UT architecture students reimagine Nashville's riverfront

Sunday, February 20, 2011 at 9:05pm

A group of University of Tennessee architecture students are sharing a bold vision for Nashville’s downtown riverfront. And that vision — currently on display at the Nashville Civic Design Center — will forever be marked by the memory of a classmate whose untimely death during the semester inspired the students to move forward, in part, to honor her memory.

Last semester, UT associate professor of architecture T.K. Davis oversaw 13 students who journeyed from Knoxville three times to study the downtown Nashville segment bordered by the Cumberland River, Fifth Avenue, Rolling Mill Hill and the Neuhoff Complex. The project took a tragic turn when graduate student Ella Scheuer passed away mid-semester. 

“As a result, we lost several weeks to shock and grieving, and we are still working that through,” Davis said.
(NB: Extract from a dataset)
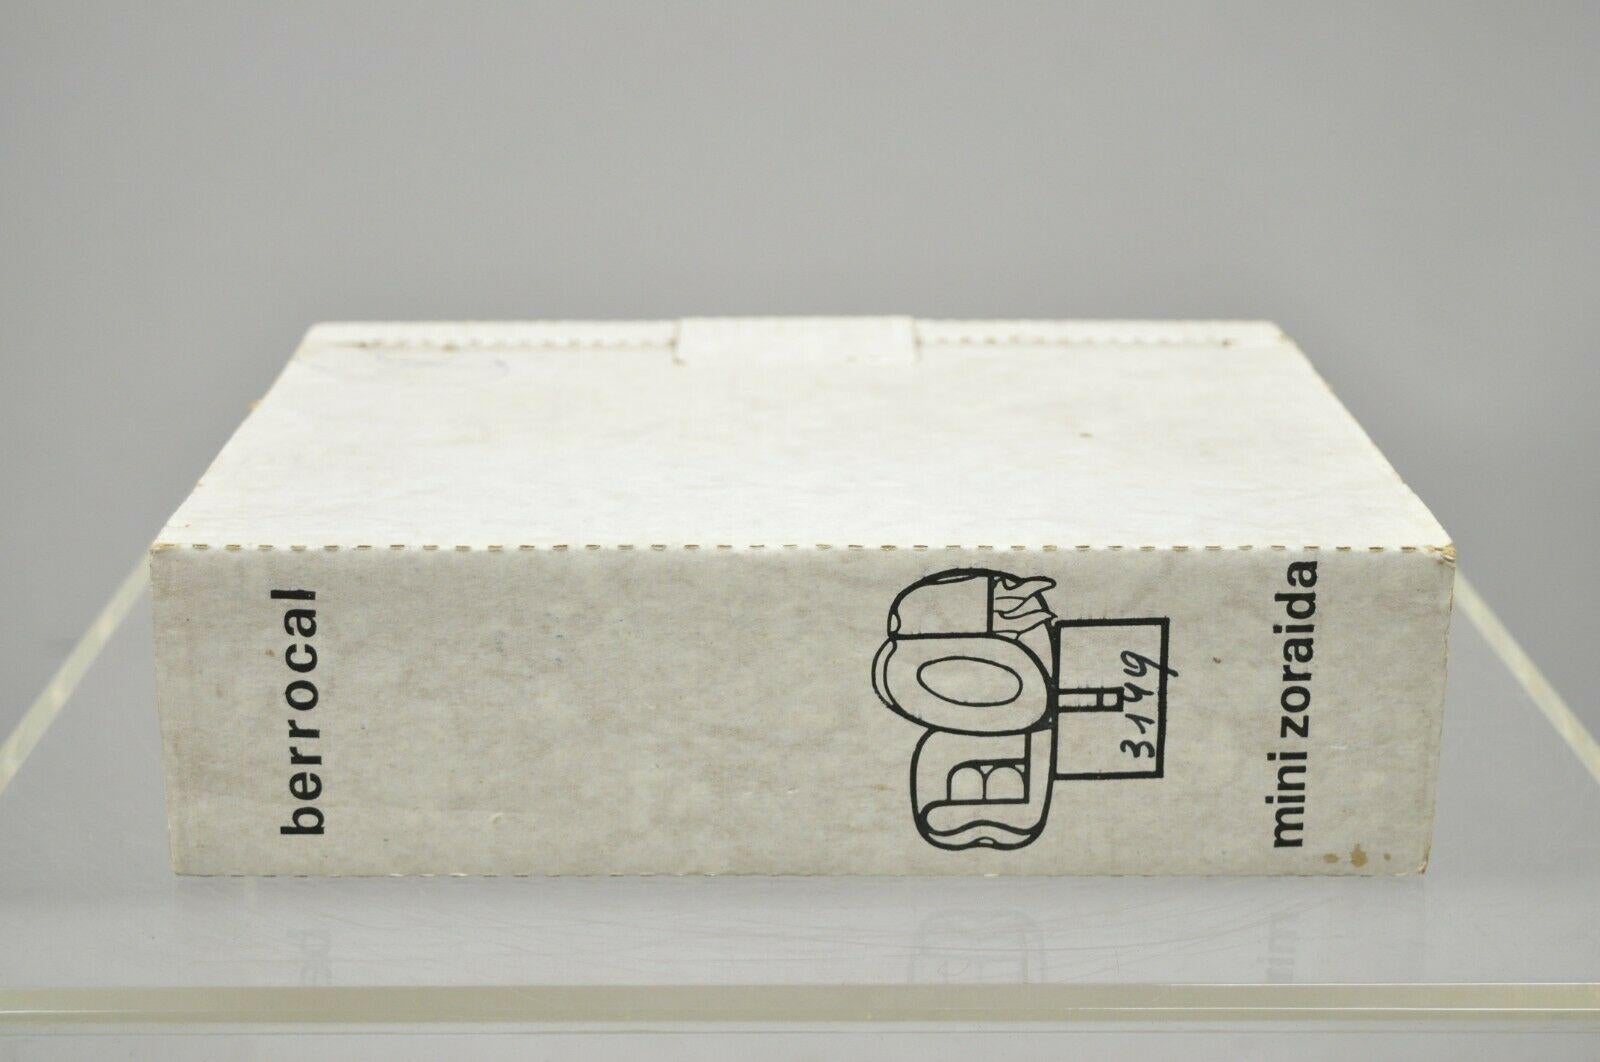 Miguel Berrocal La Mini Zoraida Nickel Plated Puzzle Sculpture Box and Book For Sale 1

Despite the setback, the students expertly delivered a detailed wooden model and 13 massive panels with multiple images offering an array of options for reimagining the riverfront. 

“We don’t pretend to have all the right answers, but we do believe we are asking many of the right questions at the right time,” said Davis, adding that the 13 students logged about 4,300 hours on the project. “And that can be more valuable to the community than simply pretending to have the right answers.”

Whether firms handling future riverfront work will incorporate the students’ concepts and recommendations — which include buildings and public spaces — is uncertain. But Gary Gaston, NCDC design director, said the focus on vacant lots could spur consideration for future infill. 

Project highlights include framing Public Square with a new building that matches The Stahlman’s scale and height but with a contemporary exterior; infilling the Hard Rock Cafe parking lot with a mixed-use structure housing an arts museum and residences; and Rolling Mill Hill buildings that use shipping containers for living and working. 

“The beauty of student urban design work,” Davis said, “is that, in an unthreatening way, it floats many different ideas, like trial balloons, which can elicit response and debate.”